Стены из ящиков и тюков по бокам неожиданно кончились, мы оказались на своего рода поляне, открытом месте где-то в углу склада. Здесь не было окон, поэтому горело несколько зачарованных ламп, разгонявших полумрак и заливавших дерево пола неживым голубоватым светом. У стены стояли фигуры — девять неподвижных черных фигур. Я не считала их, даже не обвела всех взглядом, но по тому, как стукнуло сердце, внезапно оказавшееся не сильным насосом, качающим кровь по венам, а крошечным трепыхающимся теплым комочком в груди, я поняла — ровно девять.
Девять механических кукол, каждая в рост человека.
Девять сервов с ничего не выражающими лицами.
Марк приобнял меня за плечи и только ощутив тяжесть его сильной руки я сообразила, что меня трясет.
— Спокойно, — шепнул Марк мне на ухо. — Они не причинят нам вреда. Я обещаю.
— У в-вас есть револьвер? — спросила я, стараясь выровнять дыхание.
Марк подмигнул:
— Конечно. А у вас есть еще какая-нибудь сумасшедшая теория чтобы все запутать?
— Будьте уверены, я скоро что-нибудь придумаю.
— Я подожду.
Мы улыбнулись друг другу и я в который раз подумала, до чего же здорово, что с нами рядом есть Марк. Этот неуклюжий большой ребенок, которому достаточно положить руку на твое плечо чтобы всякие глупые мысли вдруг показались действительно глупыми мыслями. И ничем более.
Кир стоял неподалеку, но глядел он почему-то на нас, а не на сервов. И взгляд у него был… Я почему-то подумала, что взгляд серва по сравнению с ним был бы теплее. Кир смотрел на нас пристально, не мигая, немного опустив голову.
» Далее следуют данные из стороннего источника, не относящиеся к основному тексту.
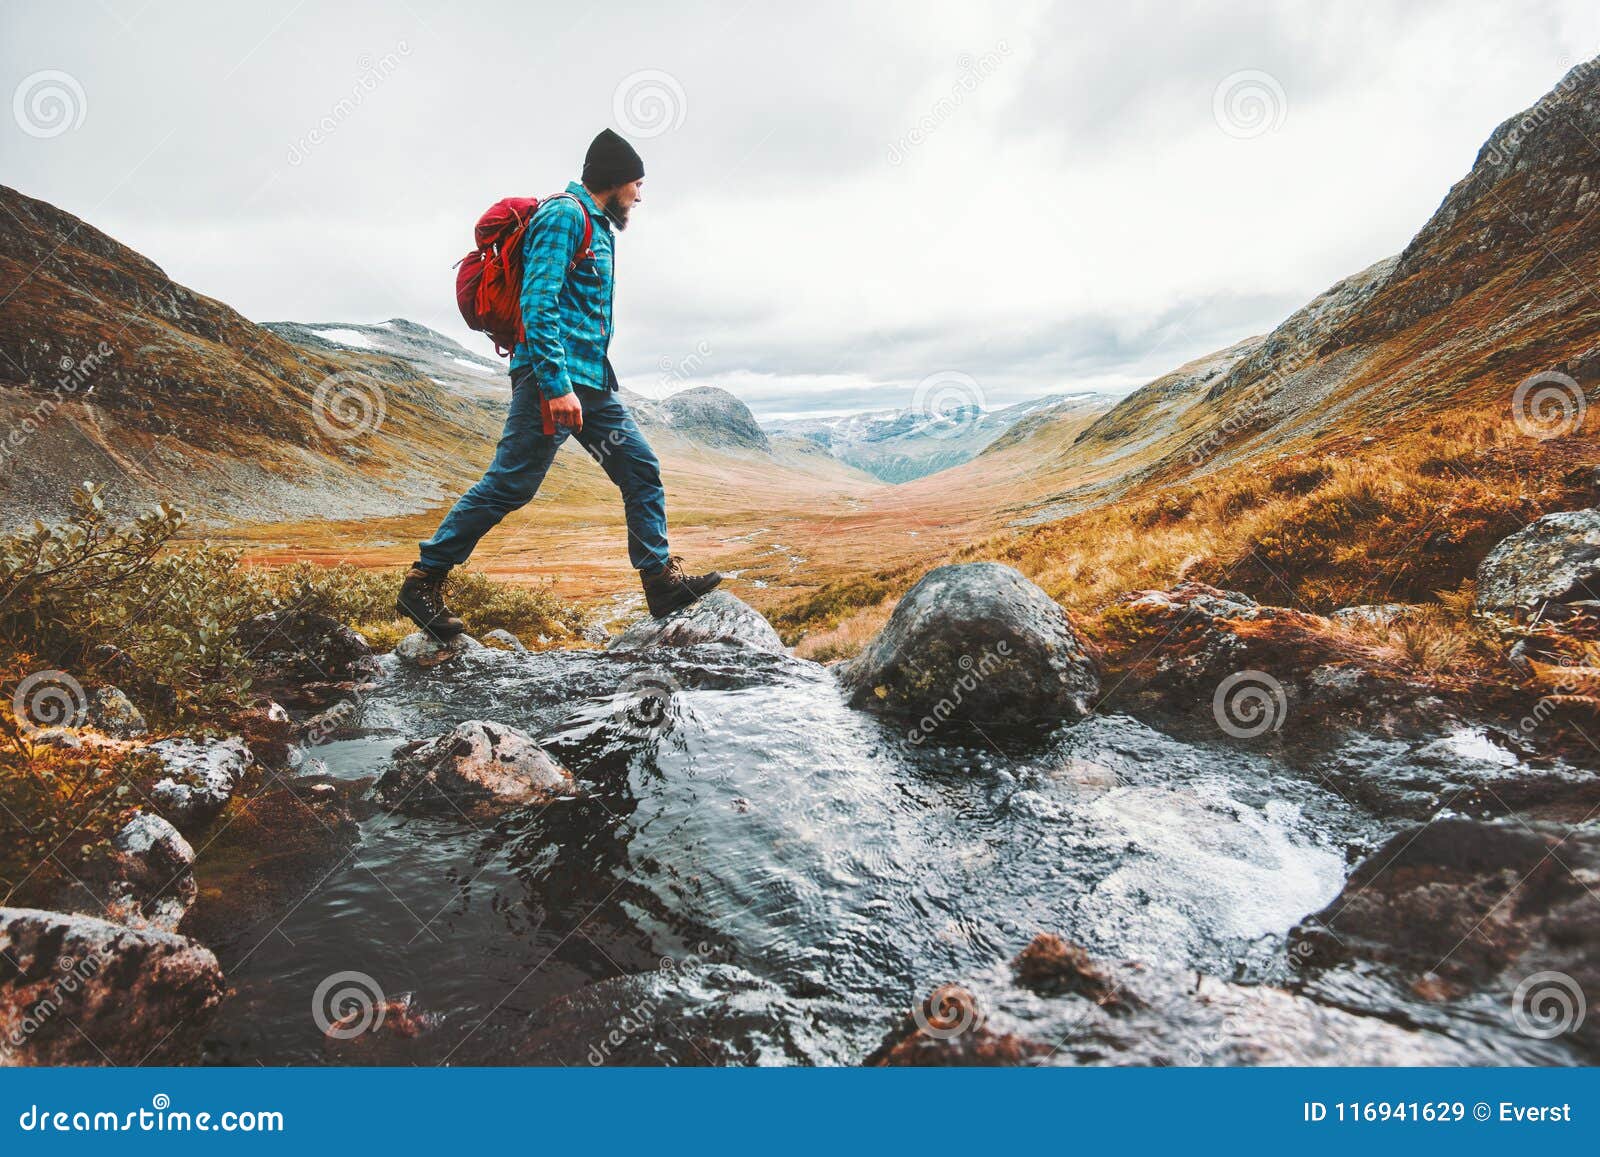 man solo traveling backpacker hiking in scandinavian mountains
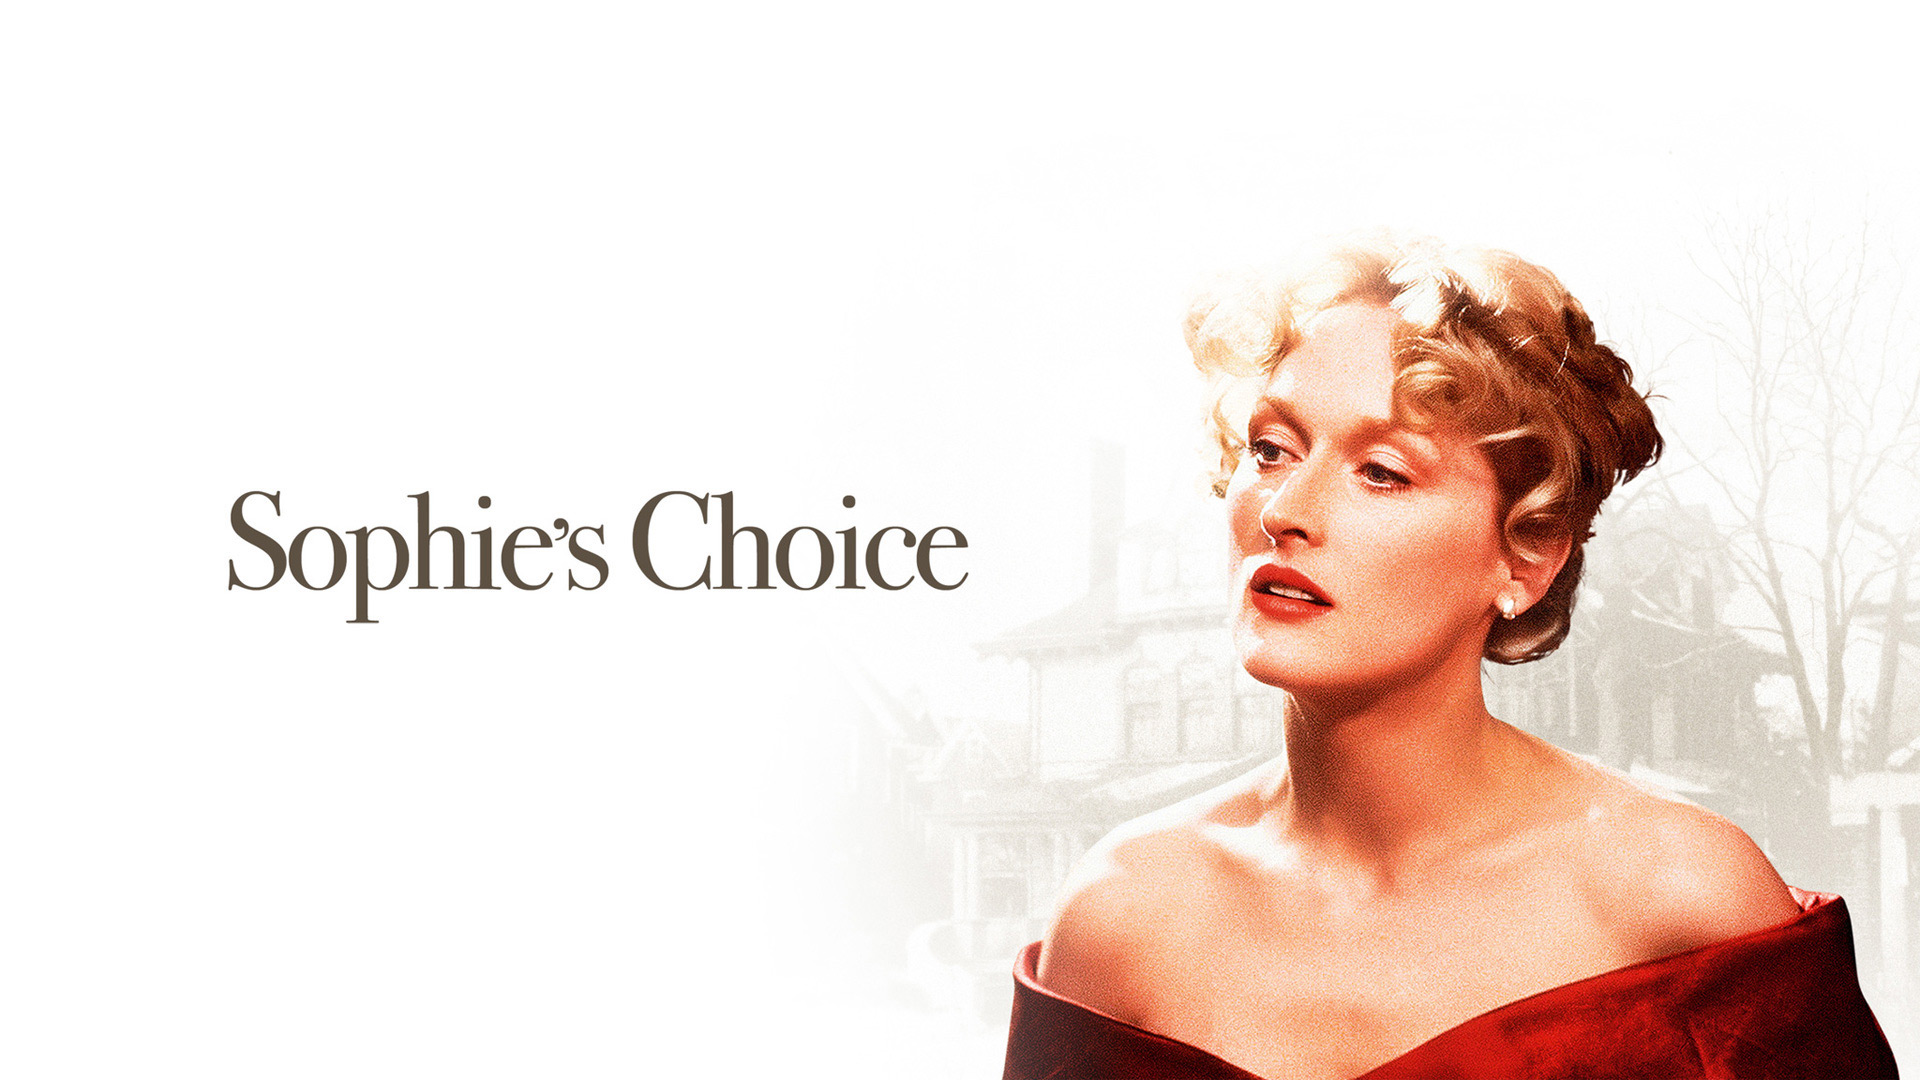 Sophie's Choice hüngür hüngür ağlatan filmler

Мне даже показалось, что он не дышал. Возможно, близость сервов, аура их чар, коснулась его. Чародеи всегда странно реагируют на такие вещи.
— Кир… — сказала я осторожно. — Так что?
— Ничего, — сквозь зубы ответил он и отвернулся. — Мне пора работать.
— Ты уже можешь сказать что-то конкретное? — спросил Марк.
Кир не глядя на него открыл саквояж и стал доставать из него свои обычные чародейские инструменты, выглядевшие со стороны как непонятные переплетения проволочек или причудливой формы металлические фигуры. Я давно бросила попытки разгадать их предназначение — это было не эффективнее, чем пытаться предсказать погоду по кофейной гуще.
— Контр-Ата — наверняка. Надо проверить. Надеюсь, что не Борей. Если так… Не знаю. Сперва проверю выходы. Дело паршивое, конечно. Скорей всего уйдет весь день.
Он говорил отрывисто, как человек, уже ушедший с головой в работу и неохотно реагирующий на происходящее в окружающем мире.